Senate Judiciary Committee Revisits Drug Pricing Reform Bills
The Senate Judiciary Committee is showing renewed Congressional interest in oversight of the pharmaceutical industry, with five bipartisan drug bills on the agenda for review and discussion on February 9, 2023.
On February 9, 2023, the Senate Judiciary Committee will hold an executive business meeting to review various drug-related bills on the agenda. The proposed bipartisan legislation comes in the wake of the Inflation Reduction Act of 2022, which was passed in August 2022 and included several sweeping provisions related to prescription drug pricing and reform. Notably, the committee is reassessing a package of bills largely focused on increasing competition for brand drugs. The following bills are scheduled to be discussed by the committee:
- S. 79, Interagency Patent Coordination and Improvement Act of 2023 (Durbin, Tillis, Grassley, Coons). This bill would create a task force between the U.S. Patent and Trademark Office and the Food and Drug Administration ("FDA") reportedly to improve communication and coordination in implementing each agency's patent activities by encouraging the agencies to collaborate and share information on developments in science and technology.

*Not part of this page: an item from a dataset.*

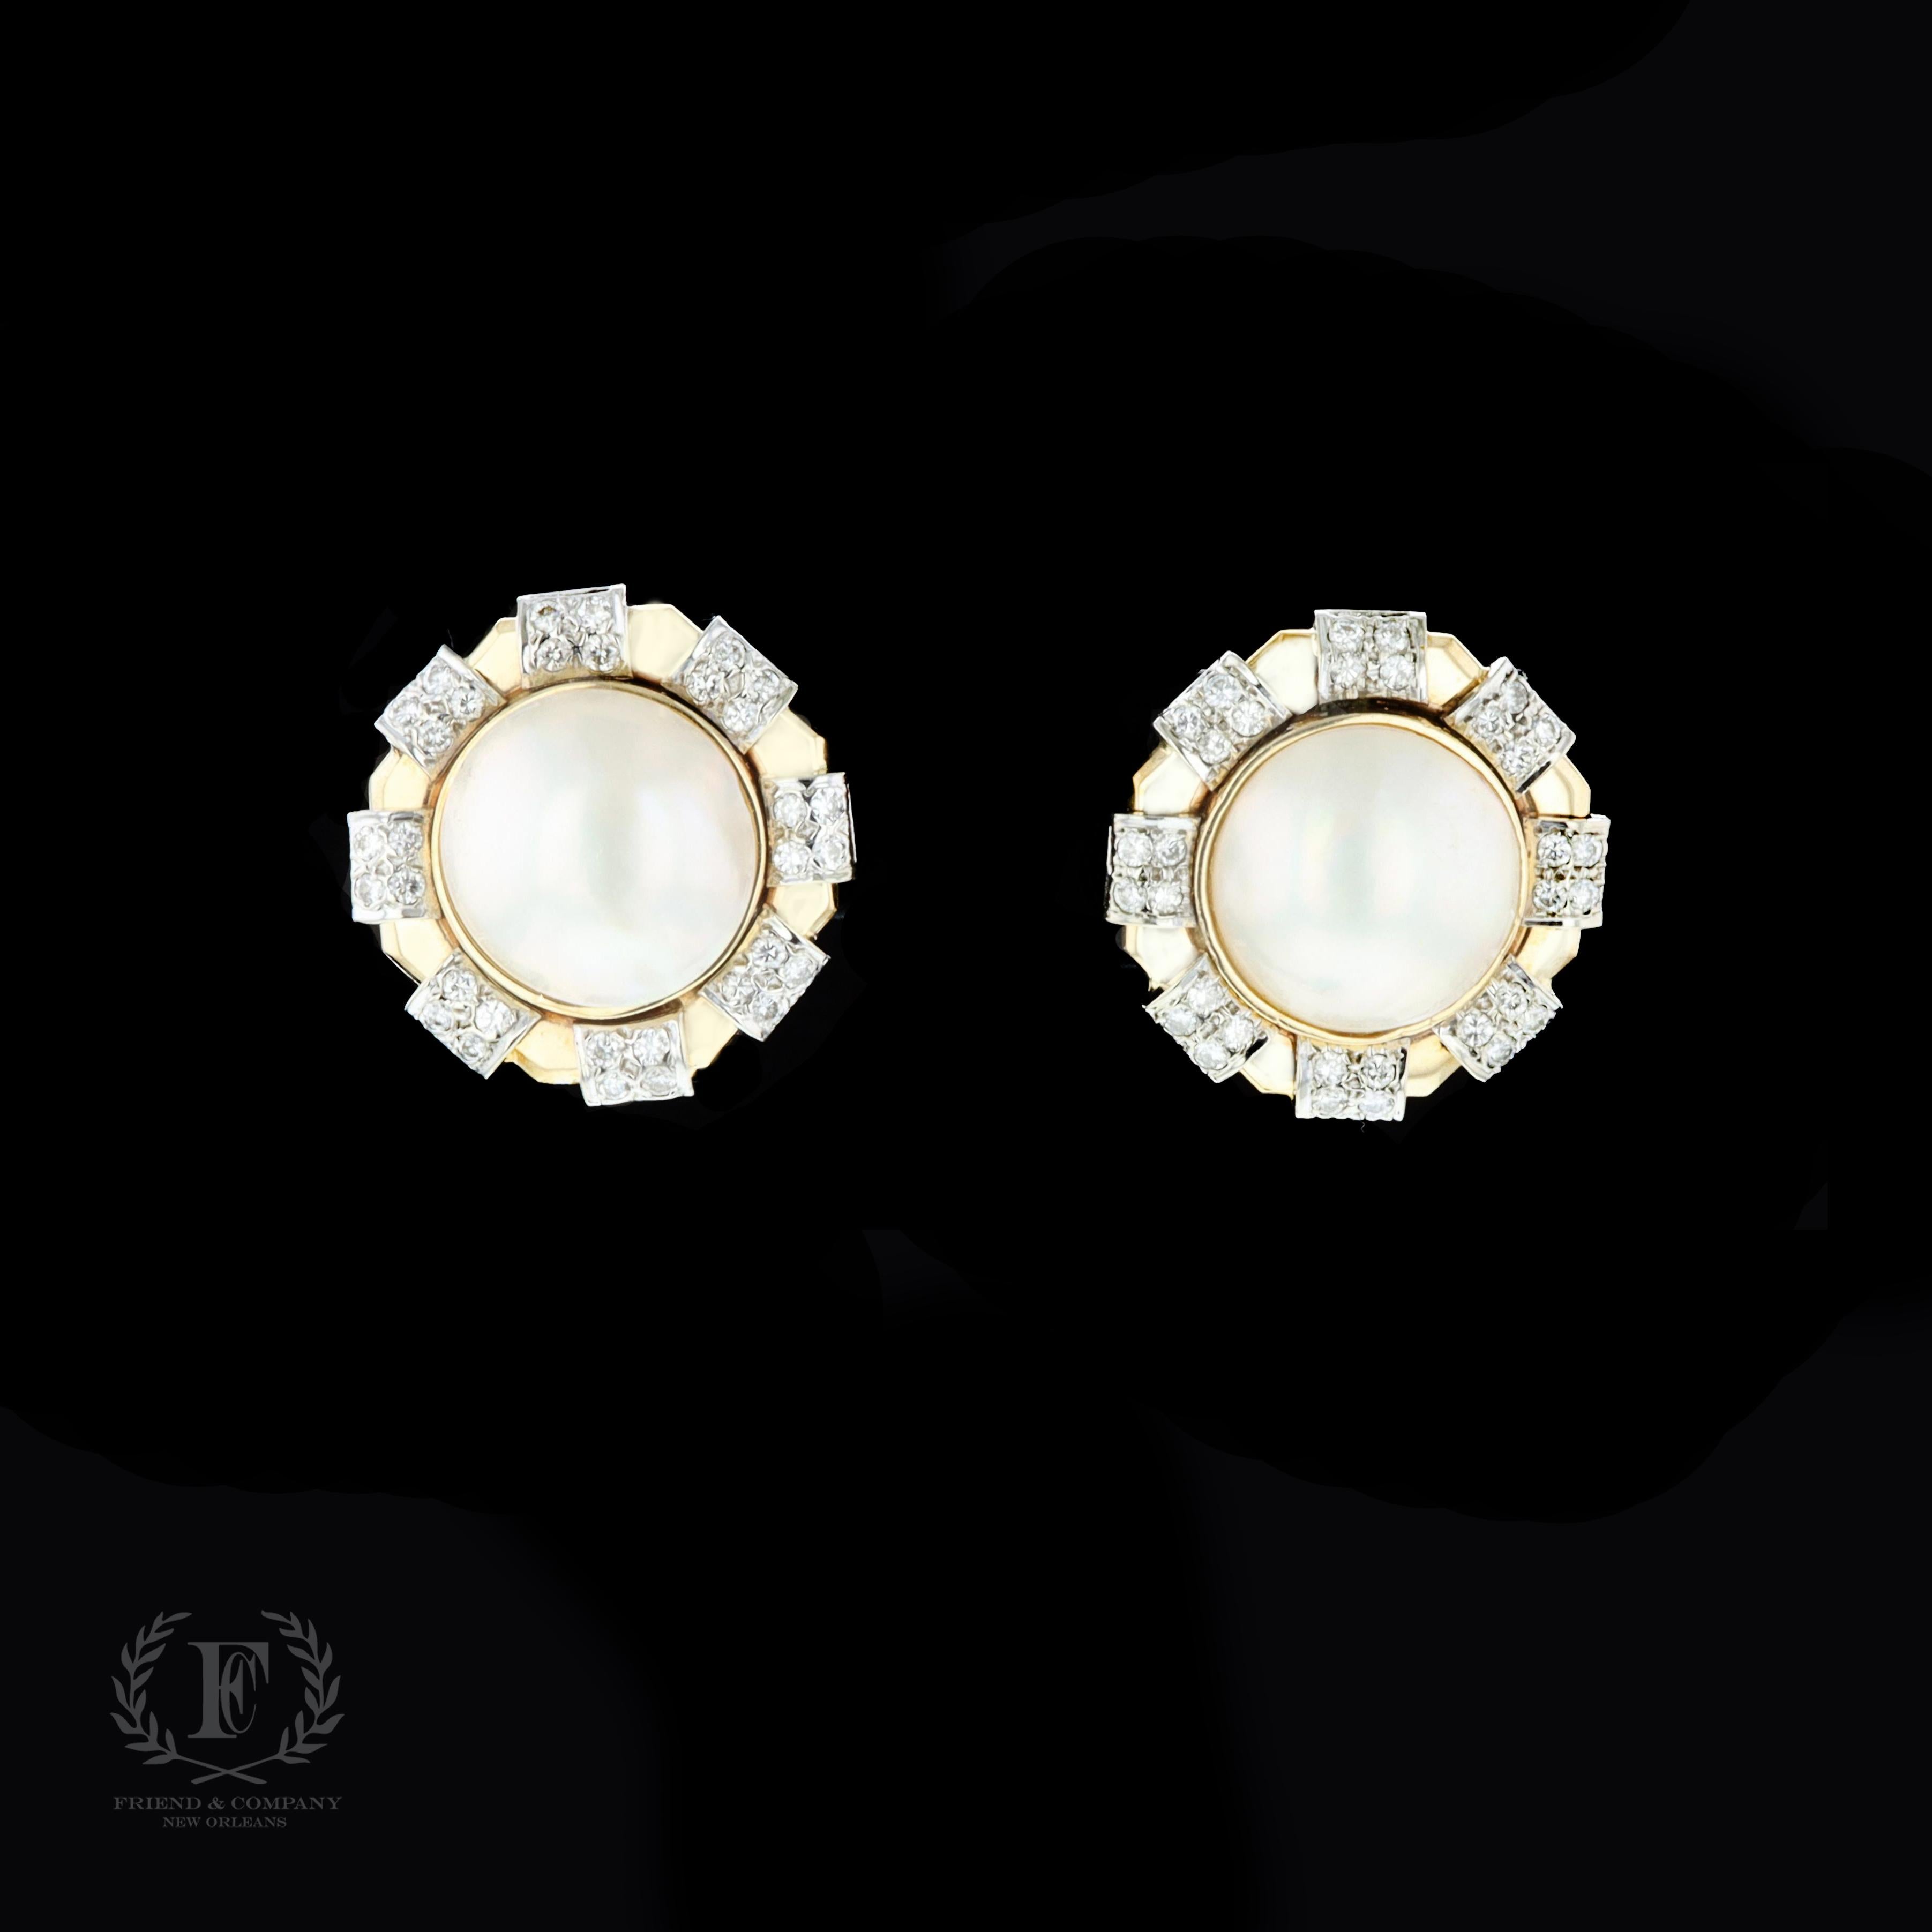 A classic and sophisticated pair of 14 karat yellow gold pearl and diamond earrings. The earrings feature 2 round cream Mabe pearls measuring 16 millimeters each. 64 round cut diamonds sparkle in this spectacular pair of earrings.

- S. 113, Prescription Pricing for the People Act of 2023 (Grassley, Cantwell, Blumenthal, Blackburn, Tillis). This bill aims to increase transparency into pharmacy benefit manager ("PBM") practices by directing the Federal Trade Commission ("FTC") to issue a report addressing alleged anticompetitive PBM behaviors along with other trends, observations, or information on pharmaceutical pricing. As proposed, the FTC also would issue a supplemental report based on this review to highlight the agency's recommendations for related policy or legislative recommendations.
- S. 142, Preserve Access to Affordable Generics and Biosimilars Act (Klobuchar, Grassley, Durbin, Blumenthal, Booker, Ossoff). This bill would limit what the bill identifies as an anticompetitive practice, whereby manufacturers allegedly use pay-off agreements to delay the introduction of cheaper substitutes, ultimately, in the view of the bill, resulting in higher prescription drug costs.
- S. 148, Stop STALLING Act (Klobuchar, Grassley, Durbin, Blumenthal, Cruz, Booker, Ossoff). This bill seeks to disincentivize branded pharmaceutical companies from filing what it claims is a "sham" petition with the FDA for the alleged intention of interfering with the regulatory approval process for generics and biosimilars that would compete with their own products. If passed, this bill also would provide additional enforcement authority to the FTC against companies who file such petitions.
- S. 150, Affordable Prescriptions for Patients Act of 2023 (Cornyn, Blumenthal, Grassley, Durbin, Cruz, Klobuchar). This bill seeks to lower drug prices by foreclosing what the bill alleges are anticompetitive practices related to patents being deployed by manufacturers to block generic and biosimilar competition from coming to market.